• _WHAT YOU SHOULD DO_: An exact transcript is required of the lines below, from the one containing "Dennis DeYoung: The" through the very last; leave every picture out of it.
*** Opening of DATASET SECTION ***
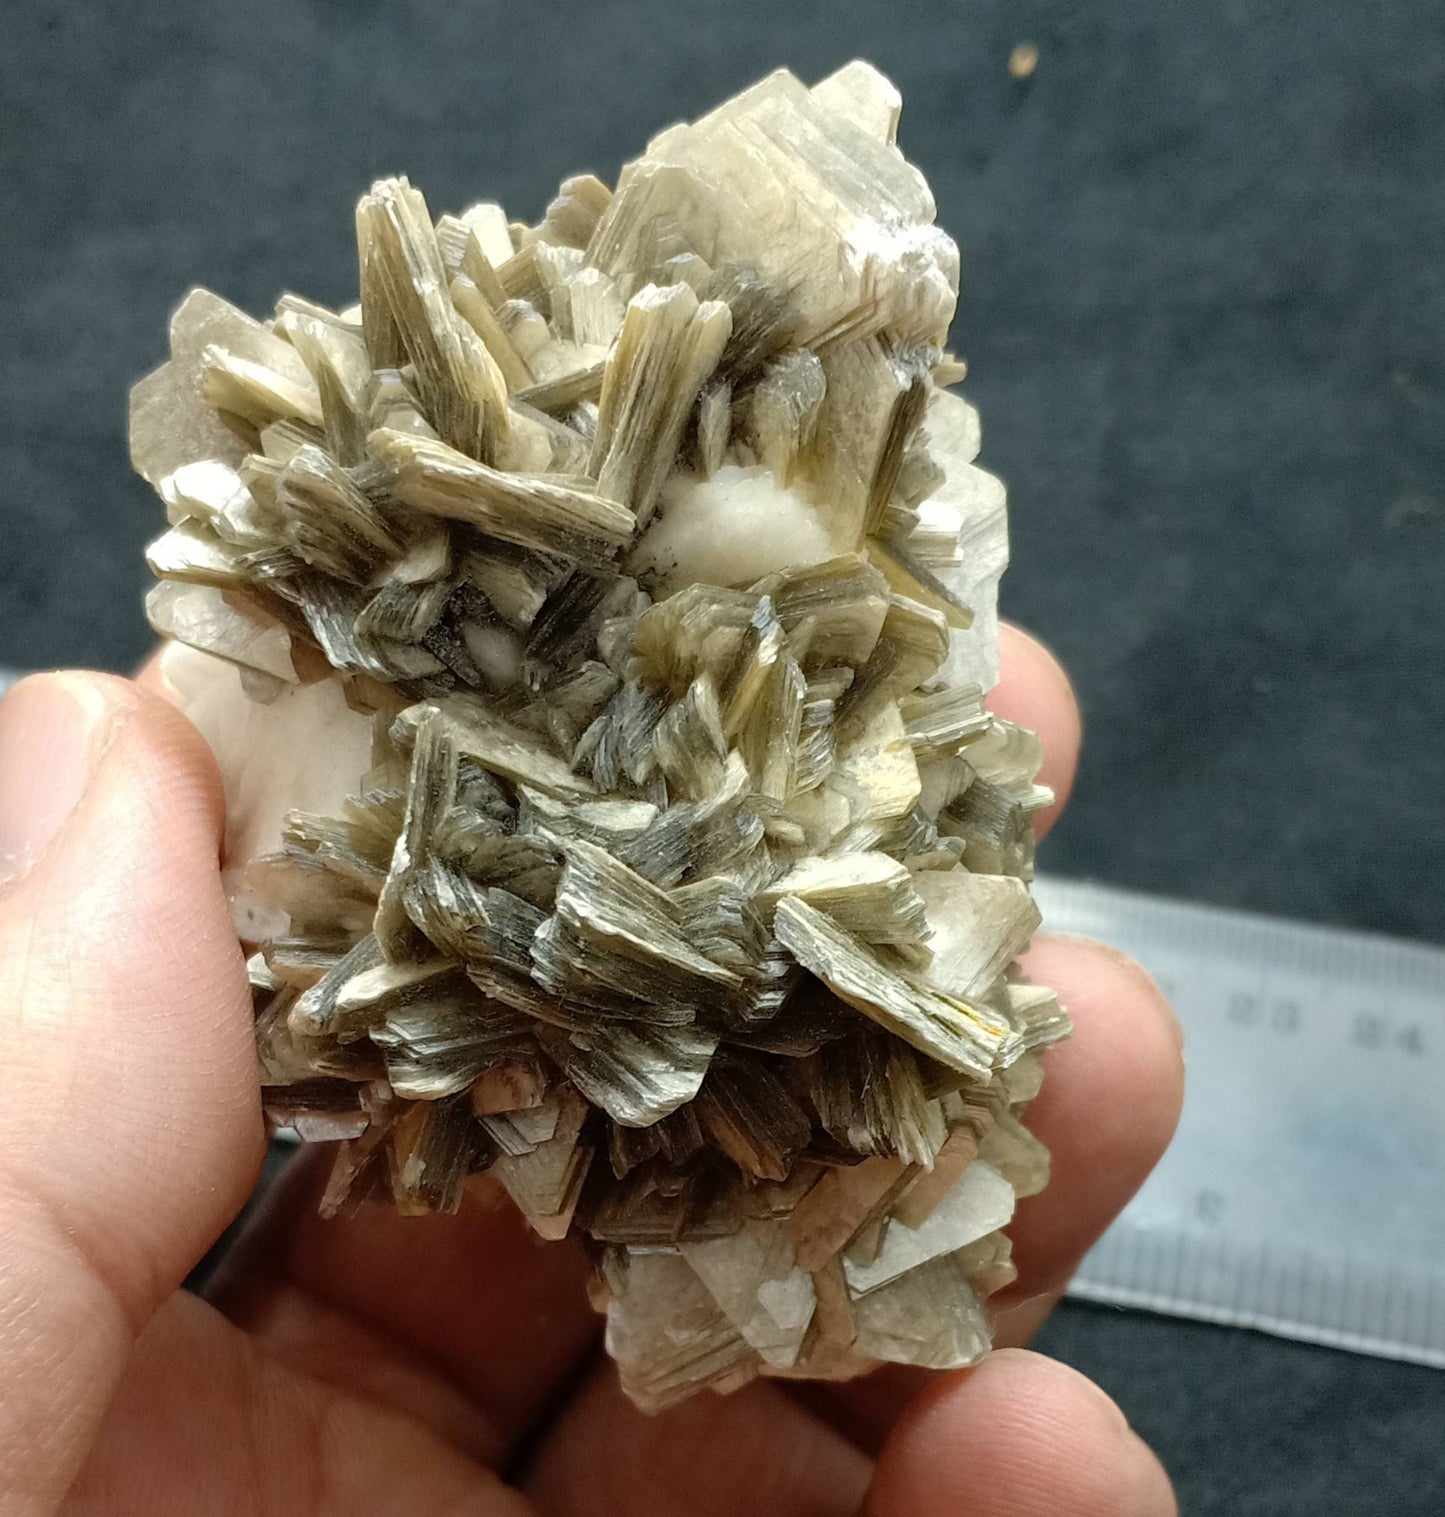 Natural specimen of combination of Albite, Schorl, and Muscovite 137 grams
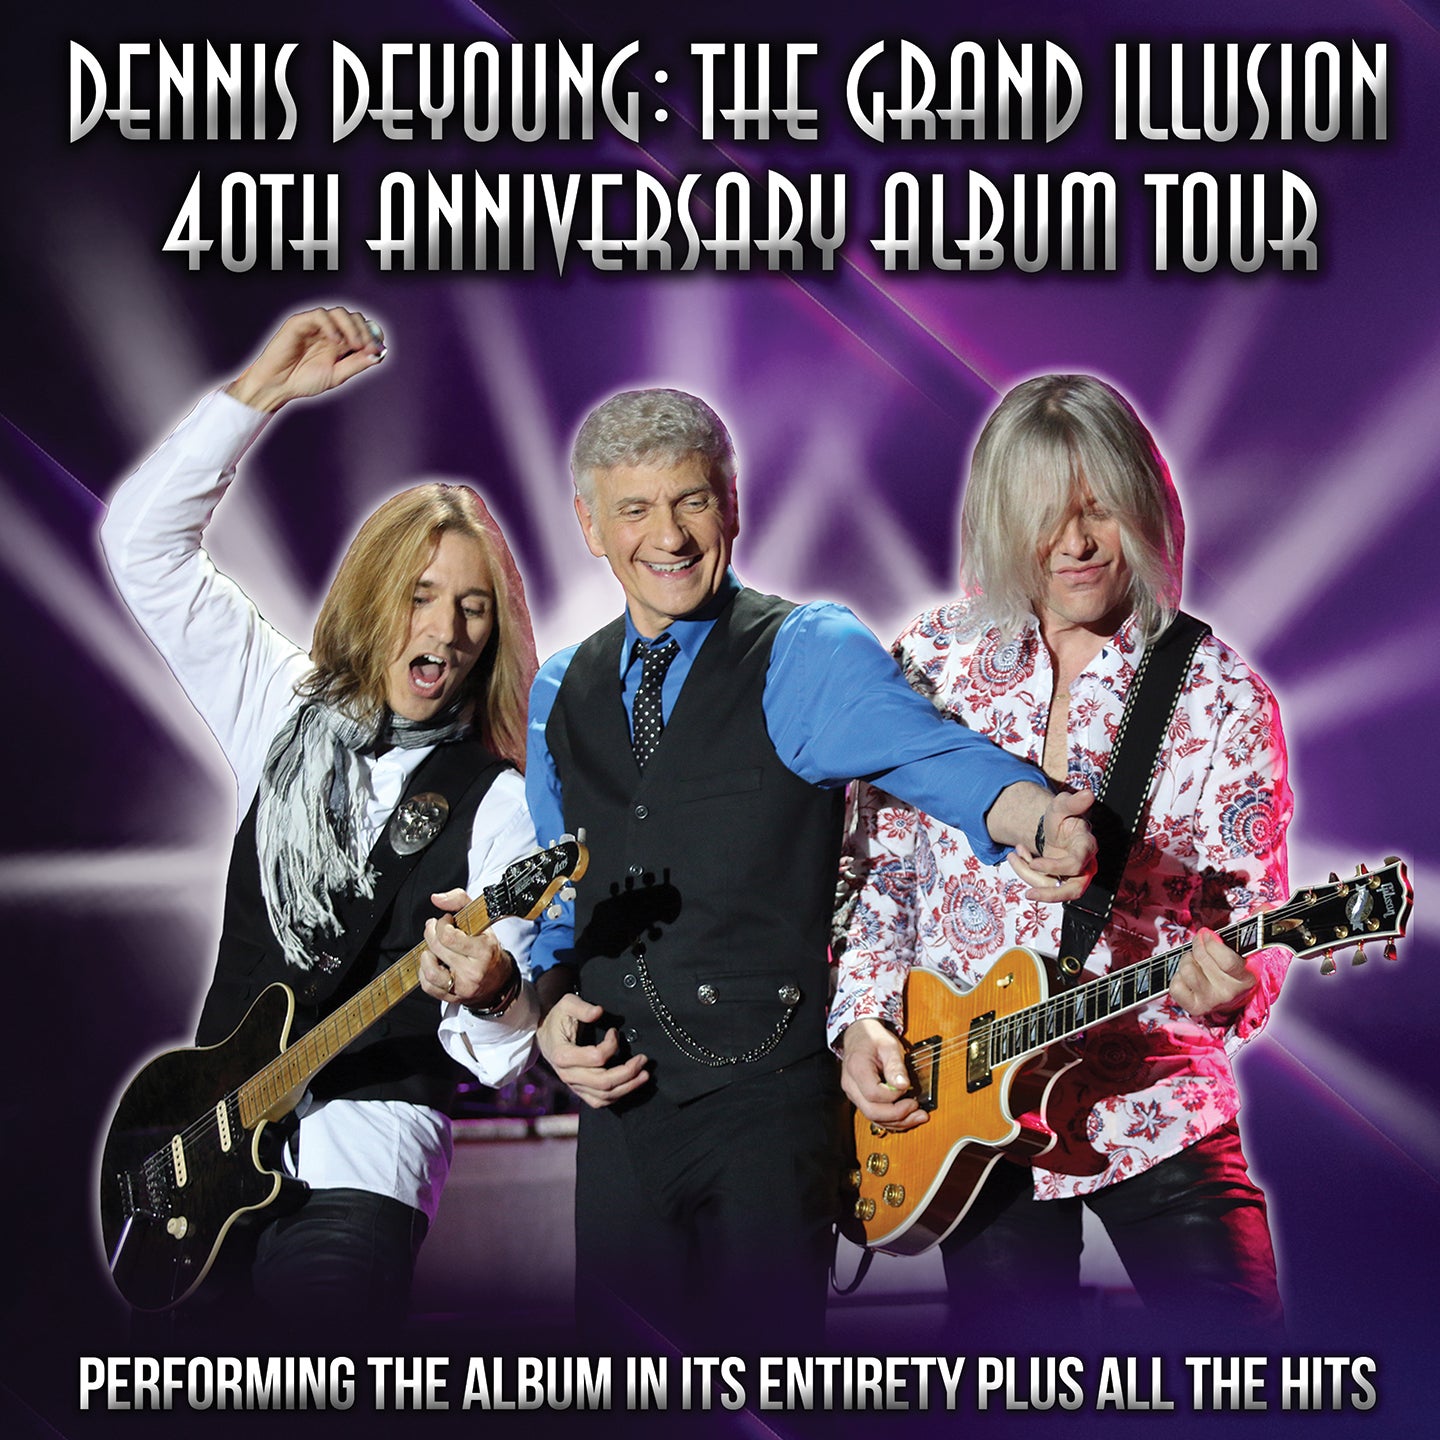 Dennis DeYoung: The Grand Illusion 40th Anniversary Album Tour
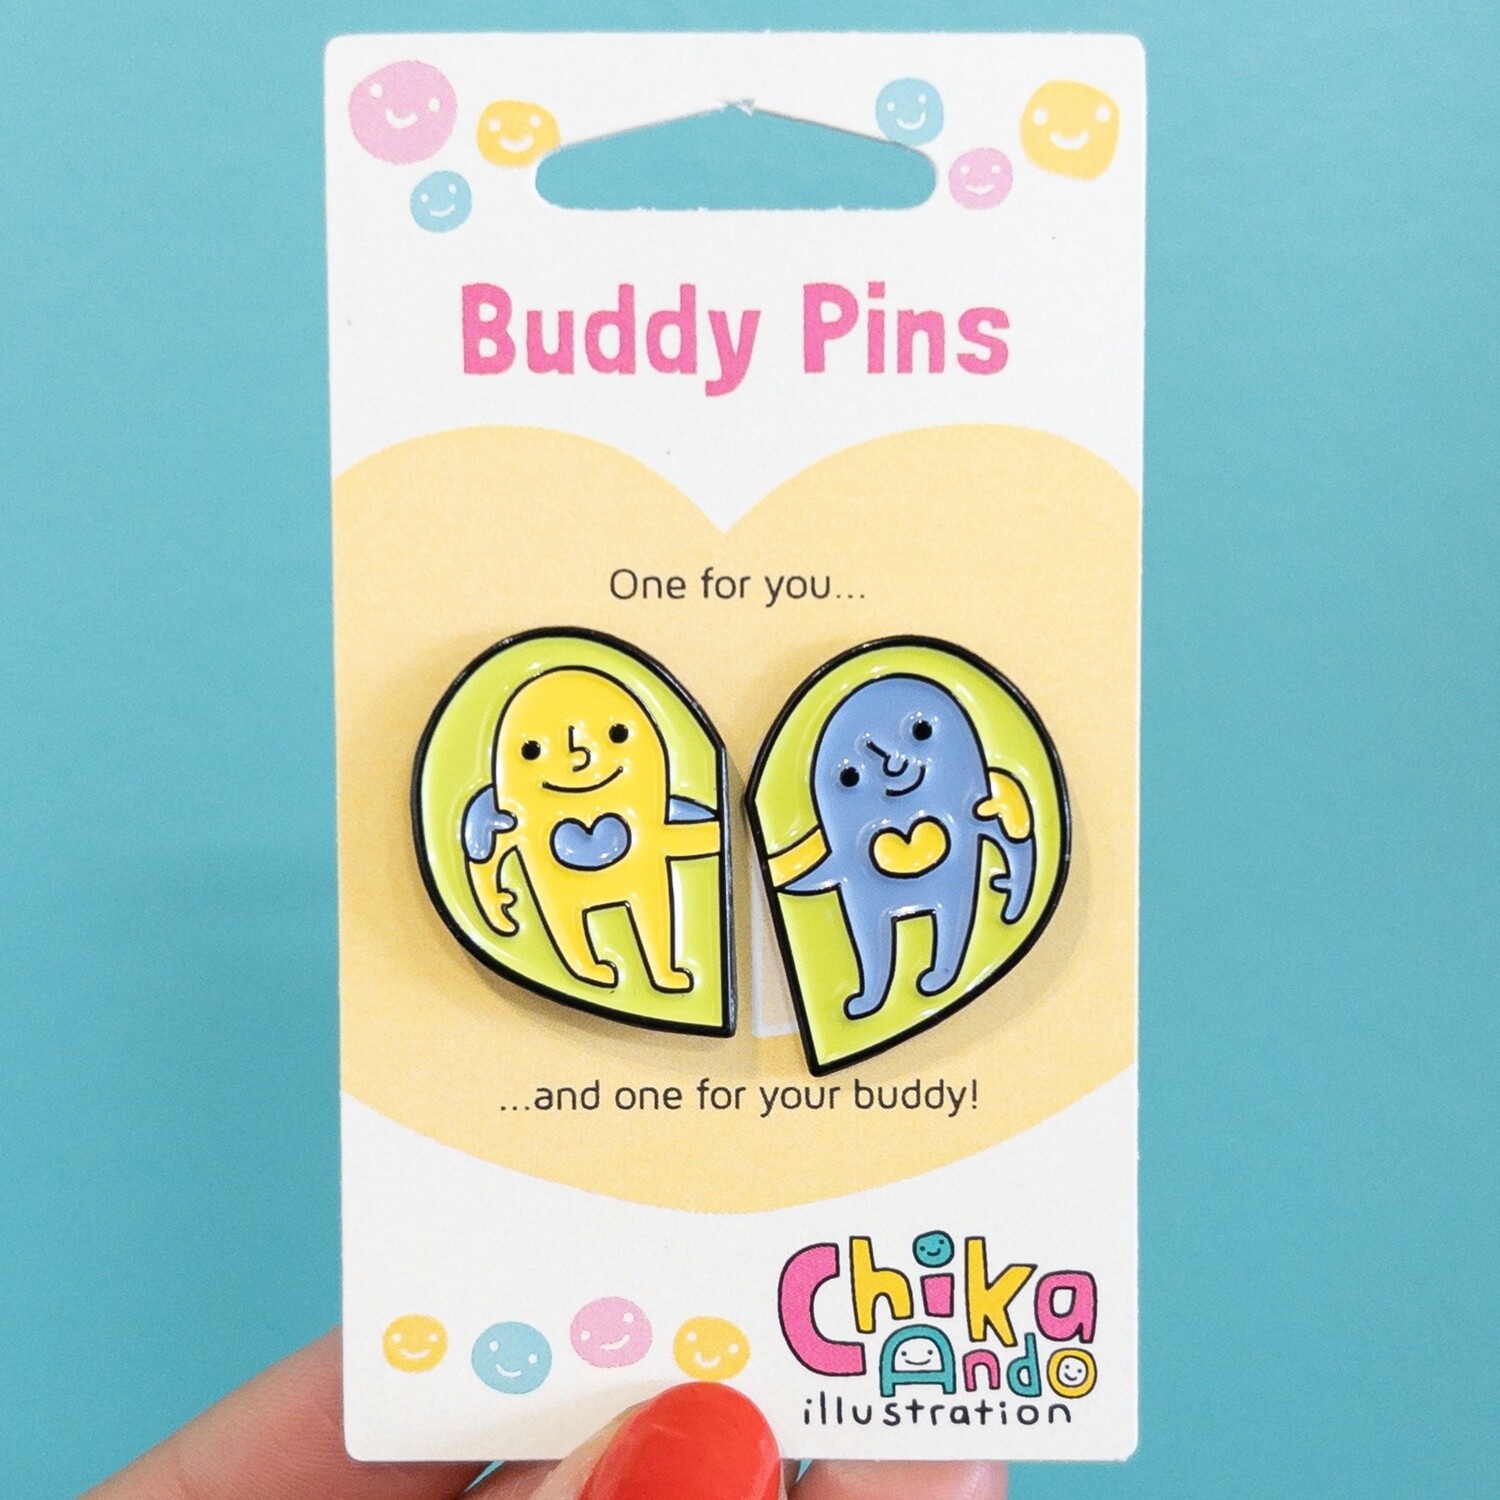 Buddy Pins
*** Close of DATASET SECTION ***
• _WRITTEN RESPONSE_:
 Dennis DeYoung: The Grand Illusion 40th Anniversary Album Tour
 Buddy Pins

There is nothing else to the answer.